I immediately thought of former NFL VP of logistics and Queens College alum Frank Supovitz this past Sunday when WCBS (Channel 2) incurred technical difficulties which prevented part of the first quarter of the Cleveland Browns-Kansas City Chiefs playoff game to be televised in the New York area.. Frank wrote a book titled “What To Do When Things Go Wrong” (McGraw-Hill) which gave detailed instructions to prepare for every possible impediment. Fortunately Channel 2 engineers were able to resolve the problem but I have a sneaky suspicion CBS Sports CEO Sean McManus reached for some Rolaids.
Cable network Lifetime held a Zoom press conference last week to promote a film dramatization about the popular hip-hop Queens-based duo, Salt-N-Pepa, which will premiere this Saturday evening.
Cheryl “Salt” James spoke of growing up around Farmers Boulevard and she told me she knew big ‘80s Queens hip-hop stars/impresarios as Russell Simmons, LL Cool J and Run-DMC but she stopped short of saying they acted as mentors.
James, and her future partner, Sandra “Pepa” Denton, met as nursing students at Queensborough Community College. I asked Denton if she had any regrets about not completing her degree and whether she considered returning to the Bayside campus to finish up. “That’s a hard ‘no!’” she quickly replied.
The new season of the weekly Showtime political series, “The Circus,” kicked off this past Sunday evening at 8 PM.
The Consumer Electronics Show, held in Las Vegas, traditionally kicks off the new business year.

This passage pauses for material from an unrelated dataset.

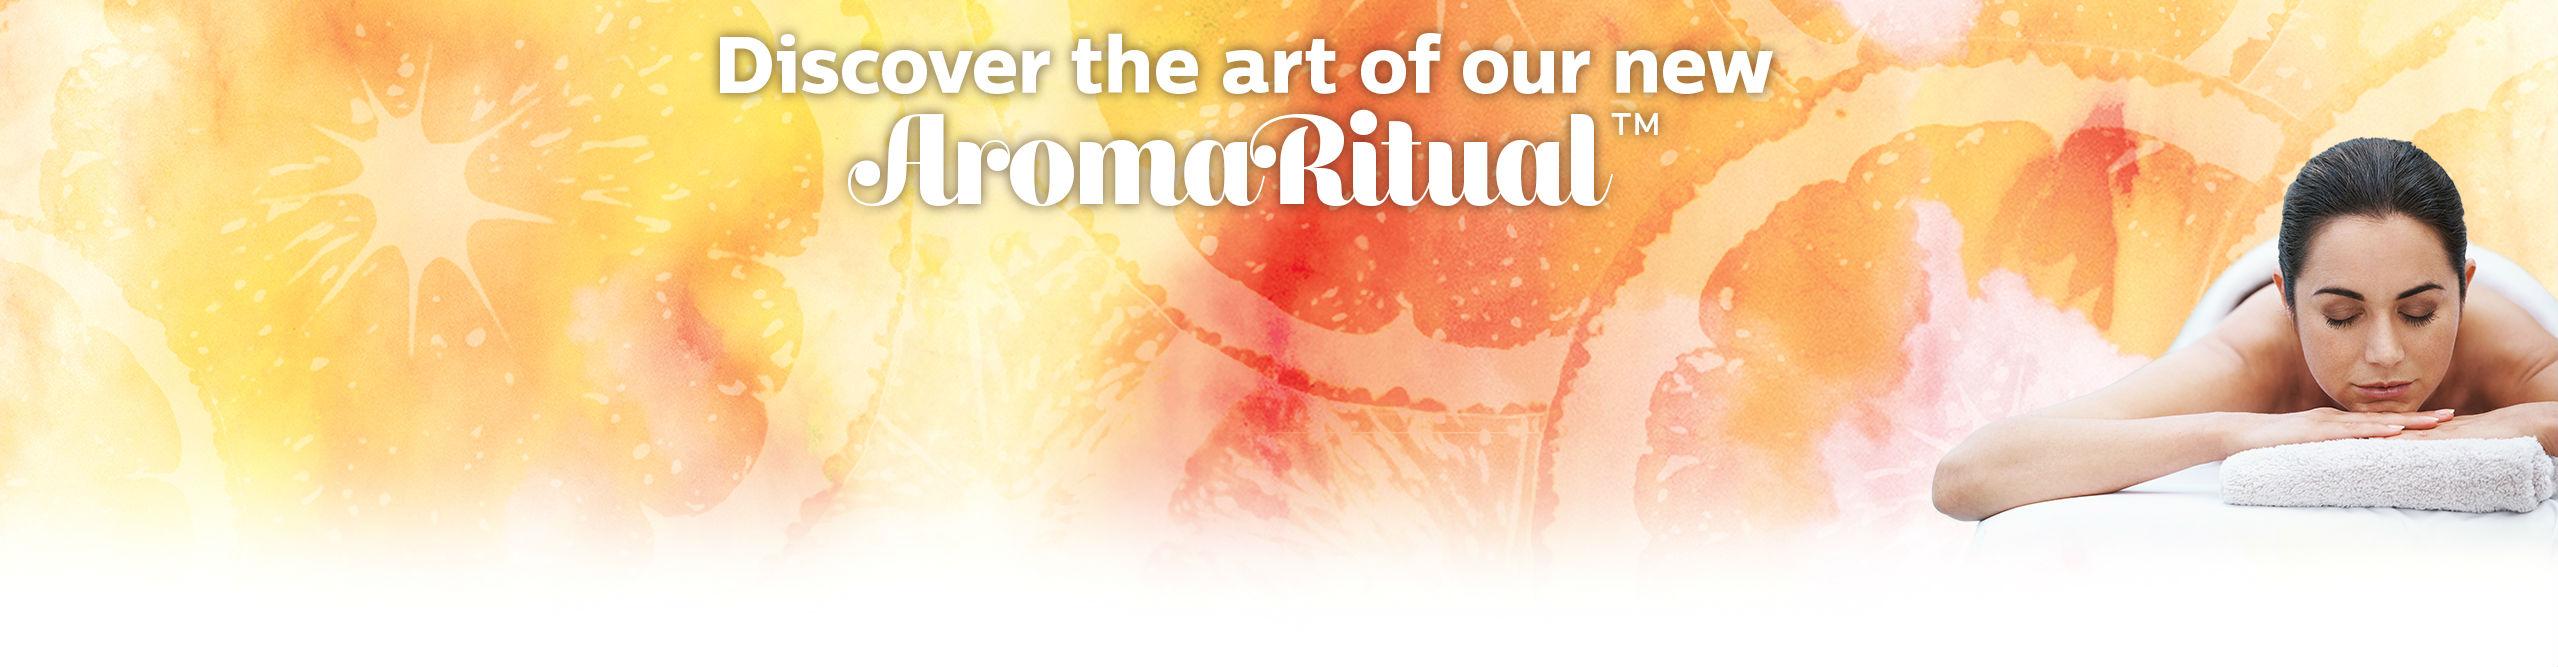 Aromaritual Studio Homepage

COVID-19 forced the show, now simply referred to as CES 2021, to become a virtual experience for exhibitors and attendees.
Procter & Gamble displayed the latest in its Oral-B IO series of electric toothbrushes which can measure when you are being overly aggressive in your brushing and which teeth more attention when flossing. A P&G public relations representative also told me one of the corporation’s goals is to reduce water consumption when using any of their other products especially when it comes to detergents and fabric softeners.
It wouldn’t be a CES show without yet another gizmo which purports to regrow hair on your scalp. Lexington International’s HairMax subsidiary debuted its Flip 80 Laser Growth Hair Cap.. It retails for just below $2,000.